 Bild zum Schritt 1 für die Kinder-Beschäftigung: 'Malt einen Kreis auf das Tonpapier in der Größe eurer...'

□ □ □ □ □ □ □

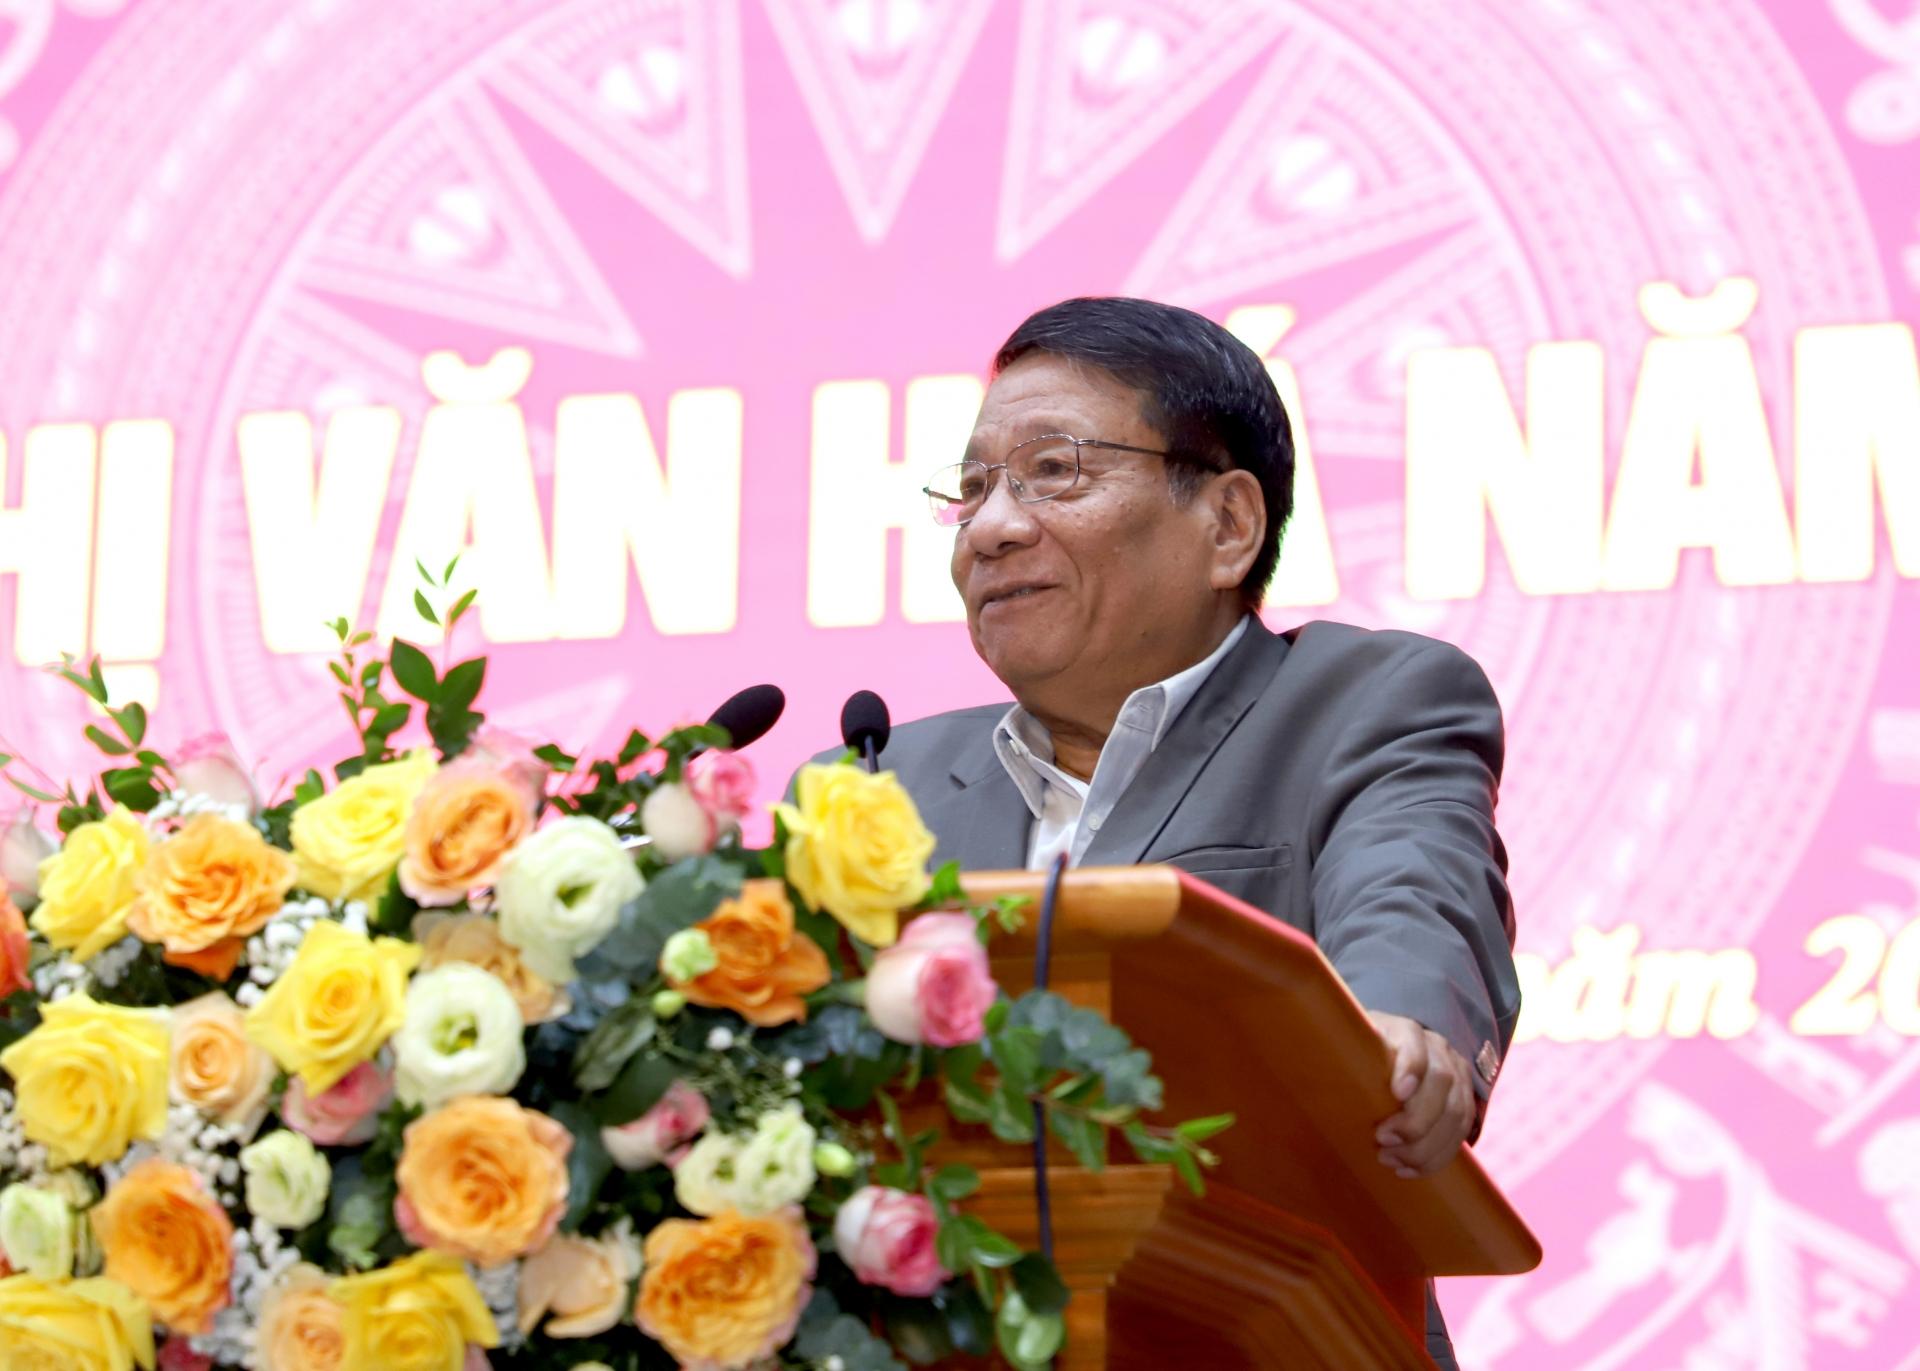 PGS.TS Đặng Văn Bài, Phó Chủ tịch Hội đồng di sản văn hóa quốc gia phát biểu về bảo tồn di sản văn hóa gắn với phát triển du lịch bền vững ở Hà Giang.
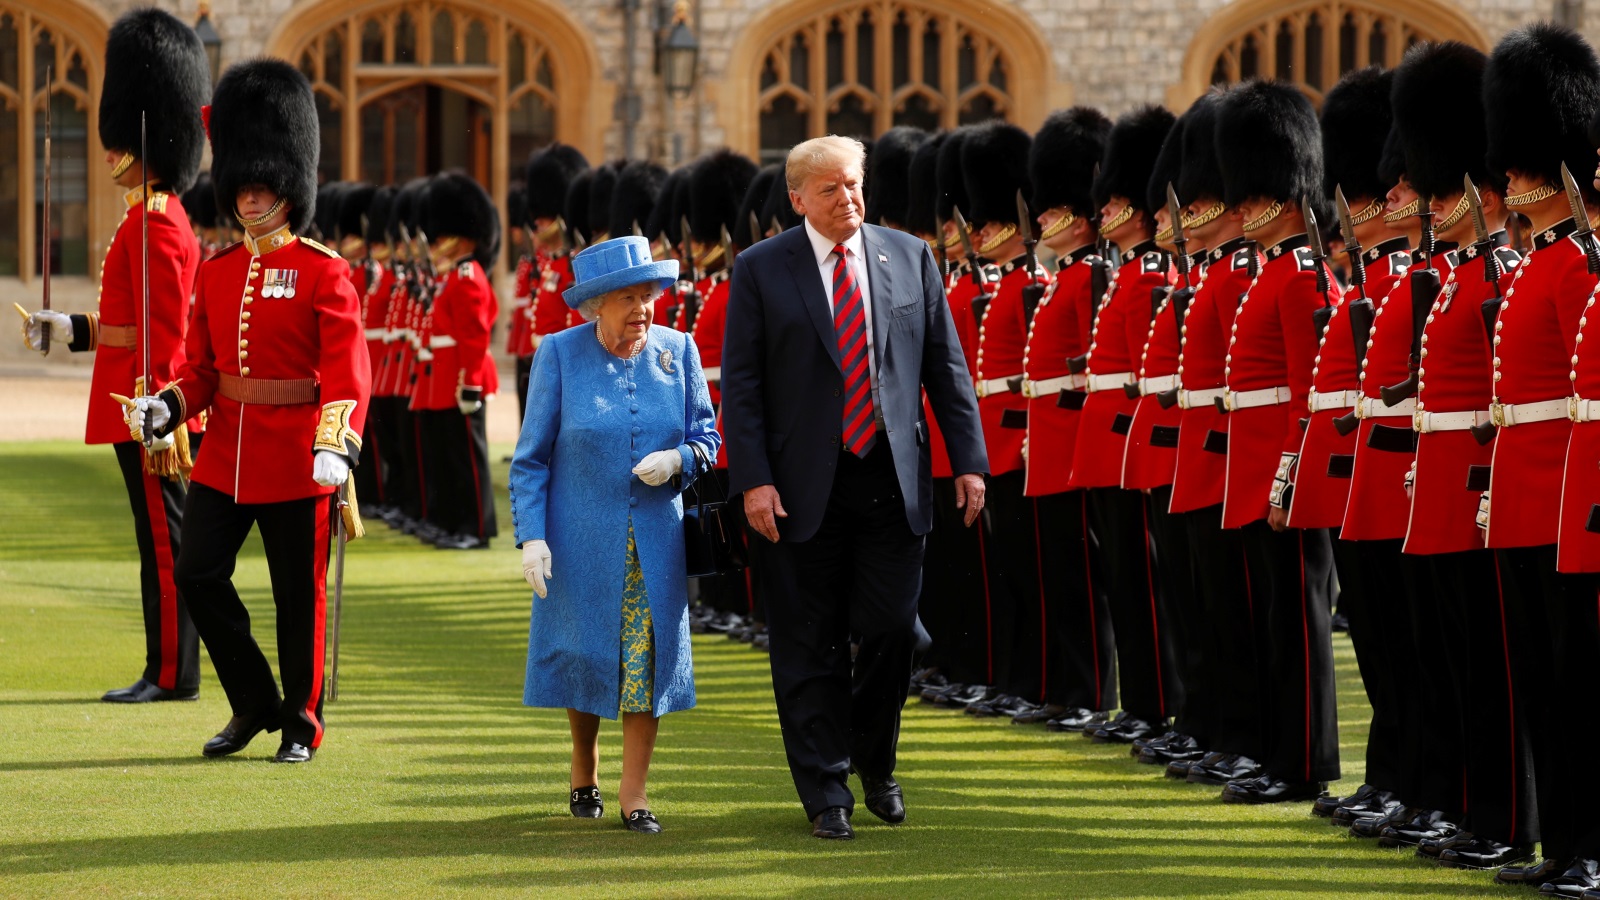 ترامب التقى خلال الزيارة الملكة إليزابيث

□ □ □ □ □ □ □

-- Work order --
Pictures in the entries do not go into the copy. Print only the lines starting at the one containing "PGS.TS Đặng Văn" and ending at the one containing "ترامب التقى خلال الزيارة الملكة إليزابيث", exactly as they appear.

-- Result of this exercise --
 PGS.TS Đặng Văn Bài, Phó Chủ tịch Hội đồng di sản văn hóa quốc gia phát biểu về bảo tồn di sản văn hóa gắn với phát triển du lịch bền vững ở Hà Giang.
 ترامب التقى خلال الزيارة الملكة إليزابيث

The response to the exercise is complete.